What the task asks: Among the entries below, please repeat exactly and only the lines from the line containing "トラップ ヒップホップ 積極的 焦...の再生済みの波形" to the line containing "Hearthstone Fireplace Insert", both lines included.

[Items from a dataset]

*** Begin section ***

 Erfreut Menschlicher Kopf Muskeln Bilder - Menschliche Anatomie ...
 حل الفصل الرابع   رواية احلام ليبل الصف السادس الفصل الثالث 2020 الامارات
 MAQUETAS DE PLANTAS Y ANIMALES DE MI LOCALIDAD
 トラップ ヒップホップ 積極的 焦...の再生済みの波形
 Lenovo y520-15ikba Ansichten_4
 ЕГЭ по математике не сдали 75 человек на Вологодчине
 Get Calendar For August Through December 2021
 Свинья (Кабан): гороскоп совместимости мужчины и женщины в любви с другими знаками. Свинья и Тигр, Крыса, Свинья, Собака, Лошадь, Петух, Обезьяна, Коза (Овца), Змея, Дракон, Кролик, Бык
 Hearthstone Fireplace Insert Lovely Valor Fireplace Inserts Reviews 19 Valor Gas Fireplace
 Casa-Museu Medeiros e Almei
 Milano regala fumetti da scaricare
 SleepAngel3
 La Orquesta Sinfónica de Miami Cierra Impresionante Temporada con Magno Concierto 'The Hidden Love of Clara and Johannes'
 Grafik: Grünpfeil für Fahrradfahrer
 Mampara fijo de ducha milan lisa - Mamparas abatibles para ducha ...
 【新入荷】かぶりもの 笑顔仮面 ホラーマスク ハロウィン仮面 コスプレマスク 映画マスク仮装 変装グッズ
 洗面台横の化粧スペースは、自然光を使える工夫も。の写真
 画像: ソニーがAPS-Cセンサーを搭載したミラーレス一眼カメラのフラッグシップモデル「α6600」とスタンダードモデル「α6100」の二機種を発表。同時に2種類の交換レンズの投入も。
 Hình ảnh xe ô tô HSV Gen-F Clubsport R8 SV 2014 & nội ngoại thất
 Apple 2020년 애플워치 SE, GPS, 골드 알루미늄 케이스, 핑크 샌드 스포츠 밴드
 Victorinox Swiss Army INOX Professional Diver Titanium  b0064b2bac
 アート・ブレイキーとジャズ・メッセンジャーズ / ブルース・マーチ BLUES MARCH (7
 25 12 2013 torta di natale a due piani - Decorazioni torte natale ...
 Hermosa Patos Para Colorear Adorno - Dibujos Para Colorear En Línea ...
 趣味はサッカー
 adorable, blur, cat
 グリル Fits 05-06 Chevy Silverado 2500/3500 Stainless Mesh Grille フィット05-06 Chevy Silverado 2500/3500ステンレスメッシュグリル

*** End section ***

Exercise response:
 トラップ ヒップホップ 積極的 焦...の再生済みの波形
 Lenovo y520-15ikba Ansichten_4
 ЕГЭ по математике не сдали 75 человек на Вологодчине
 Get Calendar For August Through December 2021
 Свинья (Кабан): гороскоп совместимости мужчины и женщины в любви с другими знаками. Свинья и Тигр, Крыса, Свинья, Собака, Лошадь, Петух, Обезьяна, Коза (Овца), Змея, Дракон, Кролик, Бык
 Hearthstone Fireplace Insert Lovely Valor Fireplace Inserts Reviews 19 Valor Gas Fireplace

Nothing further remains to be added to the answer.